Wearing & Writing Your Emotions
I recently spent a weekend surrounded by many loved ones in celebration of my younger cousin’s wedding. I live a considerable distance from the majority of my family who live in the south and rarely get to see most of them. So the weekend was more than just a wedding. It was a chance for much of my family to meet my daughter, now 3, for the very first time. It was a chance for my kids to bond with their great grandfather, to run with their many cousins, to cuddle with their grandparents. And it was a chance for me to reconnect with my roots.
The moment we pulled onto the street leading to my grandparents’ home, I felt the tears stinging my eyes. My Granny has been gone from us for six years now and I consider myself used to her absence. But as soon as I am in her place—the home she cared for me in so often, the park we regularly visited to feed the ducks, the streets we walked for trick or treating—the loss becomes very raw. I went straight to my mother’s arms and let myself release the tears. “I don’t know why I get so emotional,” I whispered to her.
That evening as my kids ran around my uncle’s home, chasing their two older cousins, my grandfather rocked in a chair and said aloud, “Jenny, look at what we did!” I may have been the only one who heard him in the chaos, and I excused myself so I could take a moment, again, to be emotional.
The next day the sun shone bright as the other side of my family gathered at the church. As soon as I walked the aisle and slid into a row by my aunts, uncles and cousins that I hadn’t seen in so long, I felt it all over again. The emotion. And when my little cousin, not so little anymore, entered the front of the church to await his bride, I lost it again. My cousin next to me smiled, saying, “Oh Jess!”

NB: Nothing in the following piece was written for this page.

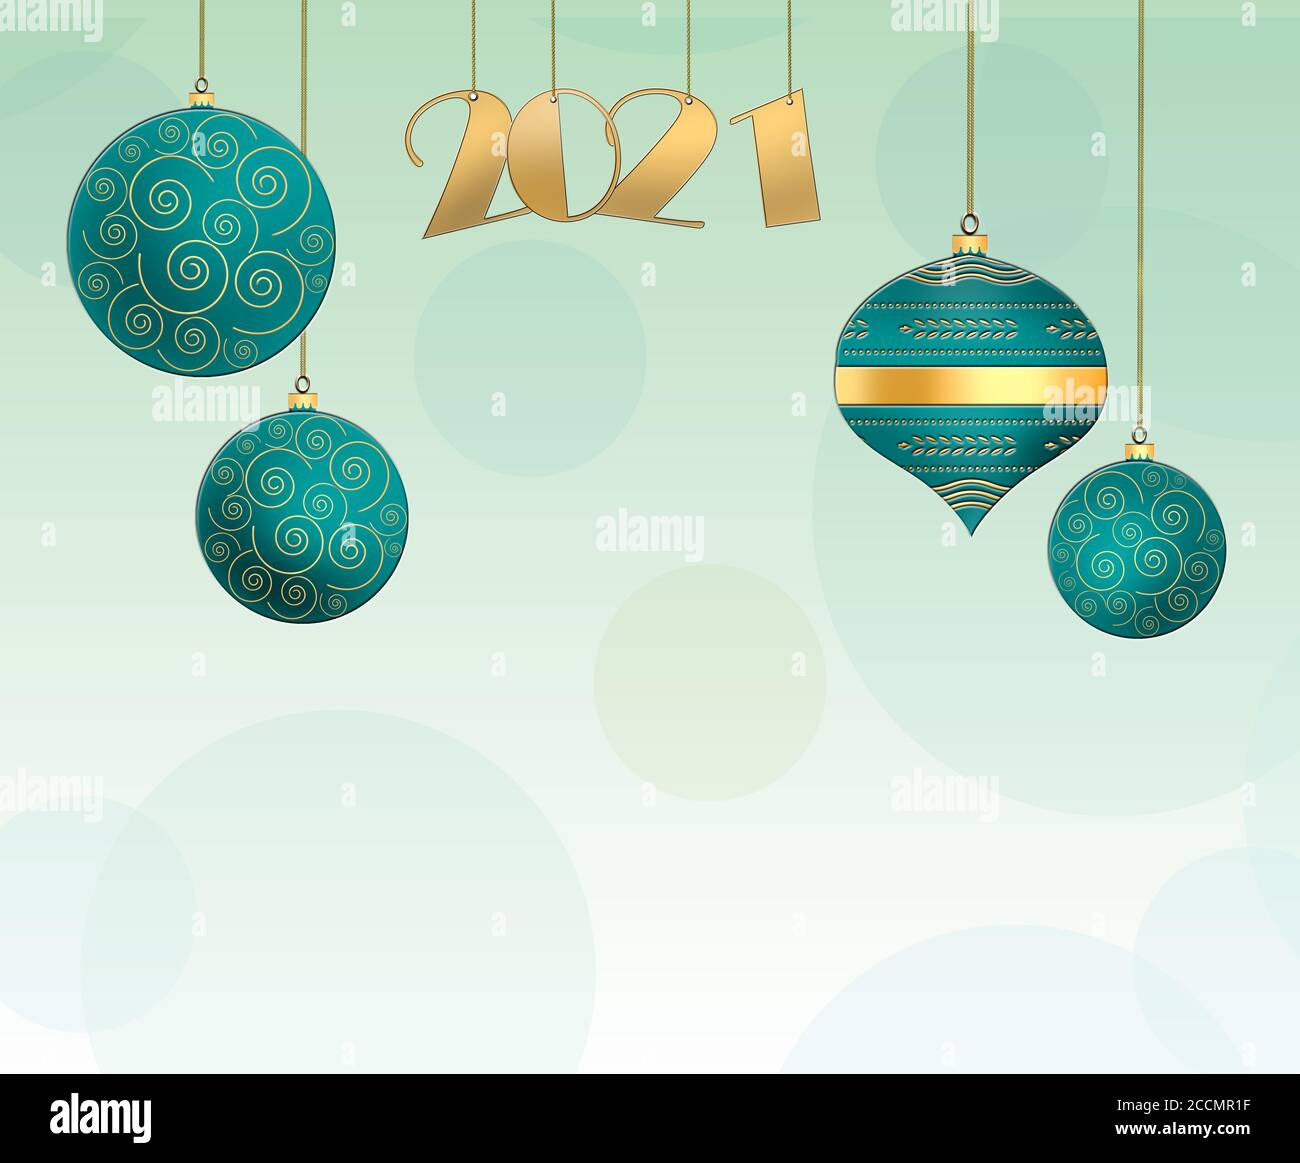 Fond de Noël avec boules bleu turquoise suspendues avec ornement d'or et chiffre d'or suspendu 2021 sur fond vert pastel. Copier l'espace. 3D illus Banque D'Images

When the ceremony was over and we all loitered, waiting our turn for the large official family portrait, I stood with my dad. I knew his thoughts, so I voiced them. “Mamaw and Papaw would love this, daddy.” “Yes, they would,” he agreed. “They would be so proud to see all of their grandkids and great grandkids.”
But I felt them there, sitting on the velvety soft bench, taking it—us—all in. My beaming Papaw with his silver hair combed perfectly, wearing his Sunday best of pale blue slacks and gray Member’s Only Jacket. My little Mamaw quietly next him, smiling and fingering her plastic beads with one hand, clutching her purse with the other. “Oh, they see us,” I told him. “I know they do. And they are indeed proud. I feel it.”

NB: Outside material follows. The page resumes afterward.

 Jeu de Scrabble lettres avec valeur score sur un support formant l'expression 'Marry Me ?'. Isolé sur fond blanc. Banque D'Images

Sappy. Sentimental. Sensitive. I’ve been described as all of these. And while I may not quite know why I get so emotional, I am proud that I do. I want people to know they touch me. I want my parents to know how incredibly important they are to me. I want them to understand how very much their own parents mean to me. I want my loved ones to know that no matter how far apart we are, they are with me every single day. And if shedding tears is my way of expressing that, then so let them fall.
Writing is yet another way to express emotion. I know I don’t need to tell you that. It has been said that writers put their pens to paper and bleed. It’s a lasting, tangible way to show that we care, deeply, about our world and those in it. It’s another way of wearing our emotions on our sleeves. And it’s why so many voraciously read—to feed the need to absorb emotions. We need to know we are loved, that we are remembered. And I guess maybe I do know why I get so emotional–why I write, read and cry. Because I so greatly want to love and be loved.